One approach to reading the link properties straight out of the DOM:

Place a link in a browser and read its .href and and .text.kmmacros (3.4 KB)

Execute shell script:

echo "$KMVAR_someLink" > ~/Desktop/tmpTiny.html; open -a "Google Chrome" -g ~/Desktop/tmpTiny.html

Execute JavaScript:

(function () {
	var oNode = document.evaluate(
		'//a[1]', // XPath for first link in the document
		document, null, 0, 0
	).iterateNext();

	return oNode ? 
		"[" + oNode.text + "](" + oNode.href + ")" :
		"";
})();

peternlewis · July 21, 2015, 9:09am

Trying to parse HTML with regex is a bit of a fools errand. You can get it to work in specific cases, but there is no way to make it work in the general case (especially with things like CDATA).

For example, this sort of HTML:

<a alt="<>" href="http://www.stairways.com">

would generate a failure for that regex.

But if you're going to try, its wise to get a regular expression tester. I use RegexMatch (from the Mac App Store), but there are many to choose from.

In this case, it looks to me like the first action has a curly quote in it:

The system will insert currly quotes if it gets half a chance, you can control this in the Edit ➤ Substitutions ➤ Smart Quotes menu.

ComplexPoint · July 21, 2015, 9:35am

To just read the link with the browser, and skip any file writing, you can use JavaScript to:

Add a div to whichever page happens to be loaded
set its .innerHTML to the value of a KM variable
read off the .text and .href properties directly

Get the browser to parse the link.kmmacros (2.5 KB)

(function () {
	var oDiv = document.createElement('div');
	
	oDiv.innerHTML = document.kmvar['someLink'];

	var oNode = oDiv.firstChild;

	return oNode ? 
		"[" + oNode.text + "](" + oNode.href + ")" :
		"";
})();

PS on regular expressions – they are great, but sometimes they do create a new problem : -)
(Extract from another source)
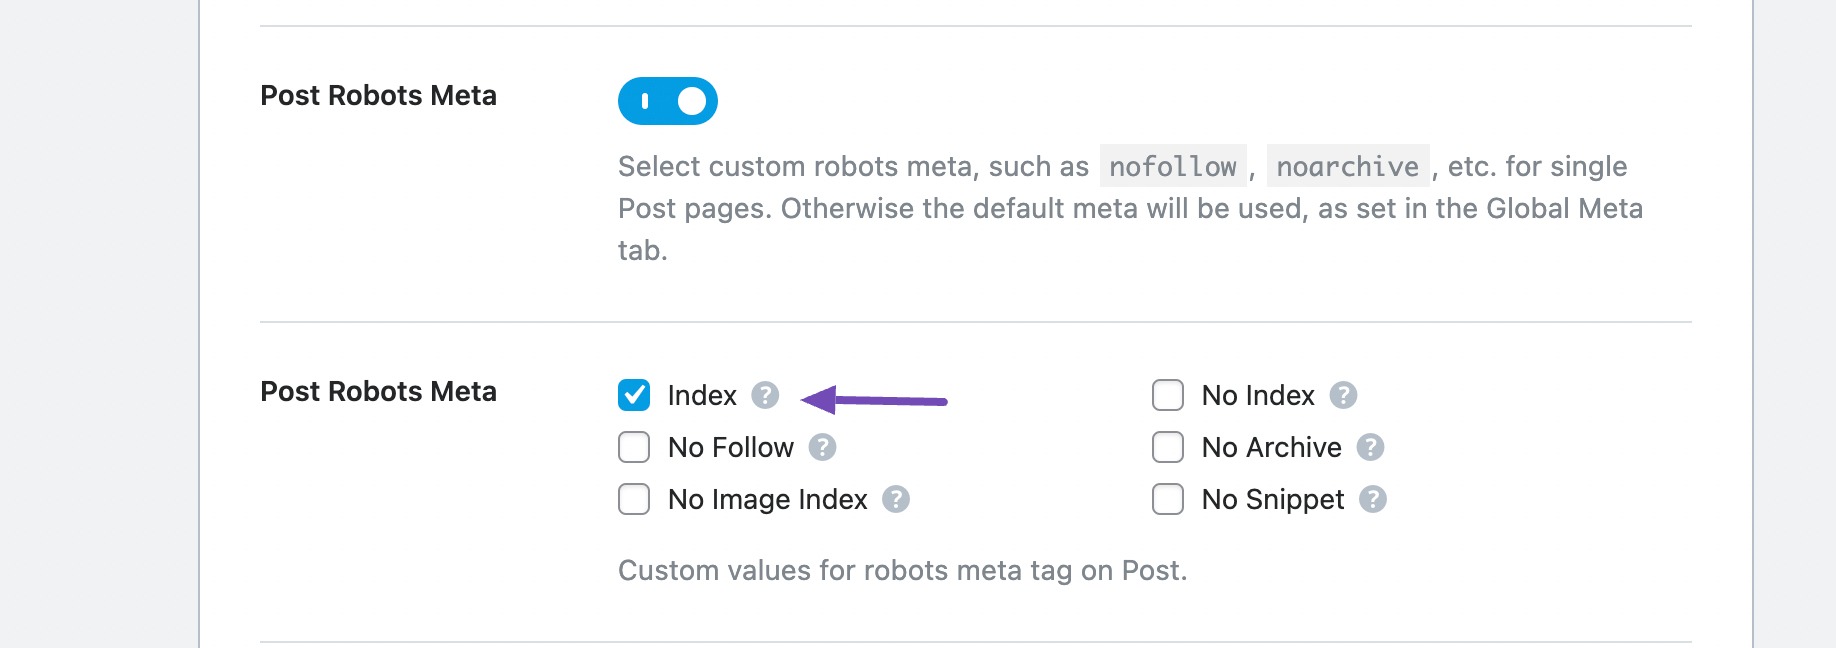 ตรวจสอบ Post Robots Meta

peternlewis · July 21, 2015, 11:00am

That’s a very clever solution. It’s a shame that it does not look possible to do in JXA (at least I could not see any way to create the DOM document). Otherwise this method only works if you have a window of some sort open in Safari or Google Chrome (whichever one you use).

ComplexPoint · July 21, 2015, 1:25pm

It's a shame that it does not look possible to do in JXA (at least I could not see any way to create the DOM document)
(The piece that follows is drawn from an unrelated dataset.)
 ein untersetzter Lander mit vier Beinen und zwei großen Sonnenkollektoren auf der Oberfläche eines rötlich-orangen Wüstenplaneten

JXA doesn't have a built-in reference to a browser name-space, but it can, of course, still pass code over to Chrome or Safari, opening a window if there isn't one.

Here's a quick draft of a JXA example:

// passing the link HTML directly here (at bottom), but it could be from the value of a KM VAR

(function(strLinkHTML) {
	
	// This function will be converted to a string and 
	// evaluated in the browser context, with an argument supplied
	// by .apply()
	
	function linkParse(strLinkHTML) {
		var oDiv, oNode;
	
		(oDiv = document.createElement('div')
		).innerHTML = strLinkHTML;
		
		return (
			oNode = oDiv.firstChild
		) ? "[" + oNode.text + "](" + oNode.href + ")" : ""
	}
	
	var appChrome = Application("Google Chrome");
		lstWins = appChrome.windows();
		lngWins = lstWins.length,
		
		// If no window is open we make one
		
		oWin = lngWins ? lstWins[0] : appChrome.Window().make(),
		
		// Compose the .js we need ...
		
		strJS = '(' + linkParse.toString() + ').apply(null, [\'' + strLinkHTML + '\'])';
		
	
	// and run it in Chrome - the Safari syntax is slightly different here
	return (
		oWin.activeTab.execute({
			javascript: strJS
		})
	);
	
})(
	'<a href="http://www.google.com/?q=purescript">purescript</a>'
);

ComplexPoint · July 21, 2015, 2:21pm

FWIW here is a JXA function

parsedLink(strLinkHTML, strBrowser)

which can use either Chrome or Safari.

(The browser name argument is optional – if you don’t specify “Chrome” or “Google Chrome”, the default is Safari.

Chrome turns out to do this 30%-40% faster, but neither needs as much as 2 milliseconds to return a markdown version of a link using this technique, so speed is unlikely to be relevant to the choice :- )

// If strBrowser is omitted, the default is Safari,
// though Chrome happens to do this c. 30-40% faster ...
//
// but neither needs as much as 2 milliseconds on this system
// so speed is probably not an issue : -)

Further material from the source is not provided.